What kind of group? This kind? If one doesn't exist, just make one yourself, since registration is open again.


----------



## Volkodav (Sep 5, 2010)

Toraneko said:


> What kind of group? This kind? If one doesn't exist, just make one yourself, since registration is open again.


 
Yeah! A group like that.
& I can't because I'm temporarily banned right now.
I was just wondering if it'd be okay for me to do so when registration is open.


----------



## TheGodComplex (Sep 5, 2010)

Clayton said:


> when registration is open.


It is open...

If it isnt fine then they`ll just ban it if it`s made. Personally I wouldn`t make a taxidermi group on FA. It will cause way too much drama... though you seem to thrive on drama, so I`m not really surprised that you suggested this. >_>


----------



## Volkodav (Sep 5, 2010)

TheGodComplex said:


> It is open...
> 
> If it isnt fine then they`ll just ban it if it`s made. Personally I wouldn`t make a taxidermi group on FA. It will cause way too much drama... though you seem to thrive on drama, so I`m not really surprised that you suggested this. >_>


 
Lol sorry I'm not thinkin this morning. Lack of sleep I suppose.
Yeah but the thing is
It's not against anybody. [Cubprotest for example, was against cub porn]
If someone can make a group for... music lovers, why can't someone create a group for taxidermy lovers?

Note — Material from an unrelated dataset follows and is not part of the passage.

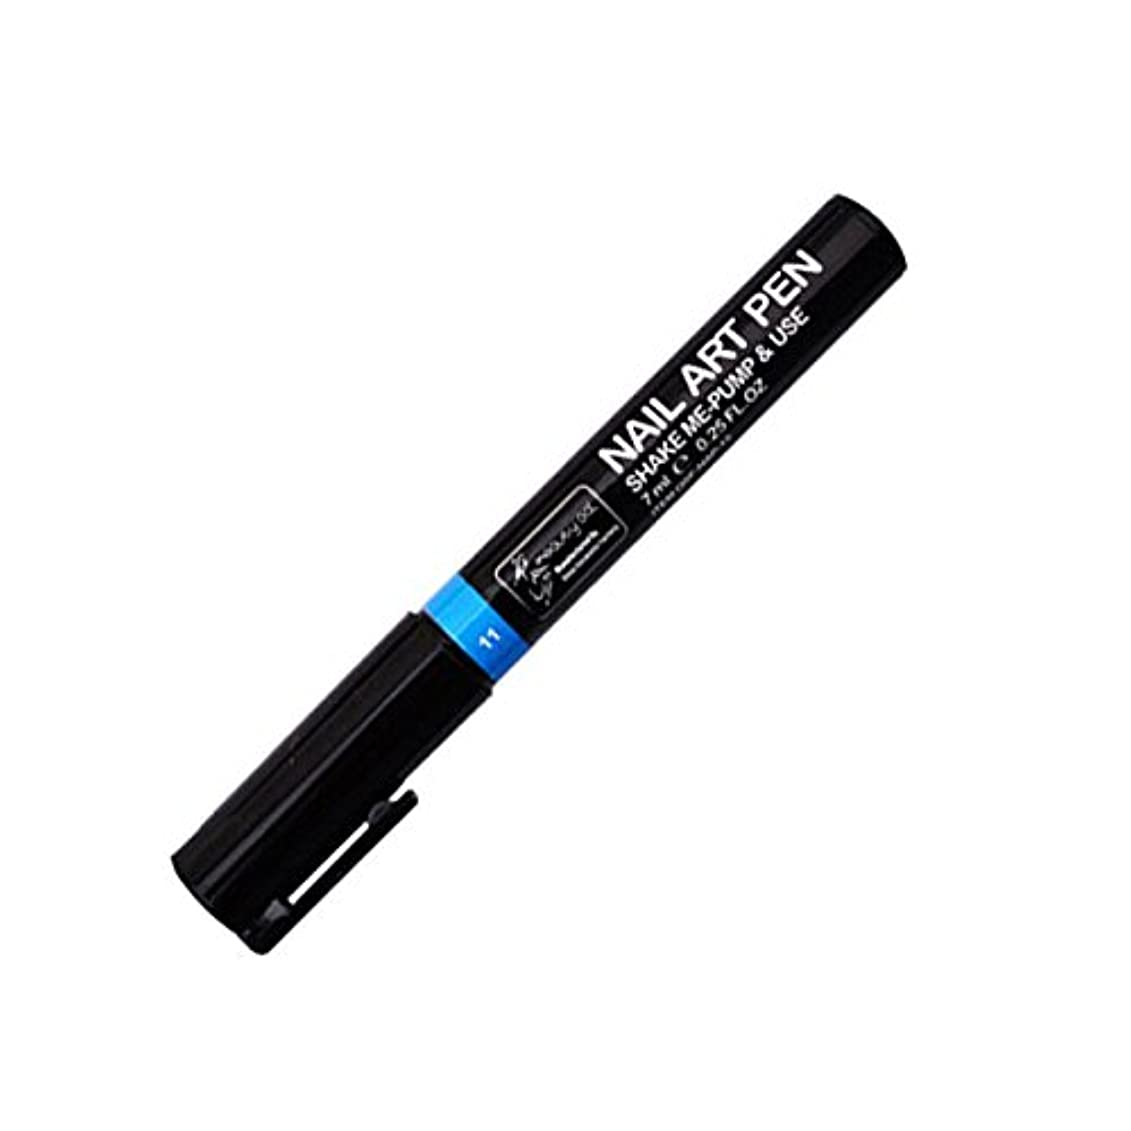 蜜退化するレーダーMIRAIS ネイルアートペン 全16色 セルフネイル フレンチ マニキュア ペン 3Dネイル ペイント メイク 美容用品 (11.スカイブルー) MR-NAILPEN-11

Plus, there's always a block feature.


----------



## Nyloc (Sep 5, 2010)

It definitely isn't any worse than some of the shit on there already, go for it.


----------



## TheGodComplex (Sep 5, 2010)

Clayton said:


> Lol sorry I'm not thinkin this morning. Lack of sleep I suppose.
> Yeah but the thing is
> It's not against anybody. [Cubprotest for example, was against cub porn]
> If someone can make a group for... music lovers, why can't someone create a group for taxidermy lovers?
> ...


 
It`s probably allowed because of that. I still wouldn`t do it though. Look at what happened with teenfurs. That wasn`t against anyone and it got banned.

The block feature is only effective when one uses it correctly.


----------



## Gavrill (Sep 5, 2010)

Do it, please. I love taxidermy, and would definitely join.


----------



## CerbrusNL (Sep 5, 2010)

Simpsons did it.

Seriously, though, this has been suggested numerous times before, and mostly ended in Bawwfests.
Good luck.


----------



## Volkodav (Sep 5, 2010)

Molly said:


> Do it, please. I love taxidermy, and would definitely join.


 
I will 
Once I'm unbanned.


----------



## Volkodav (Sep 5, 2010)

CerbrusNL said:


> Simpsons did it.
> 
> Seriously, though, this has been suggested numerous times before, and mostly ended in Bawwfests.
> Good luck.


 
I can point the whiners to the AUP lol


----------



## ShadowEon (Sep 5, 2010)

I don't like taxidermy and am bothered by some of the pics I find on here and on DA. But I'll just stay far far way from the group.

I don't know if groups on here are as welcome as they once were unfortunately but you can make a group. I think you could still make a new account/group when you are suspended...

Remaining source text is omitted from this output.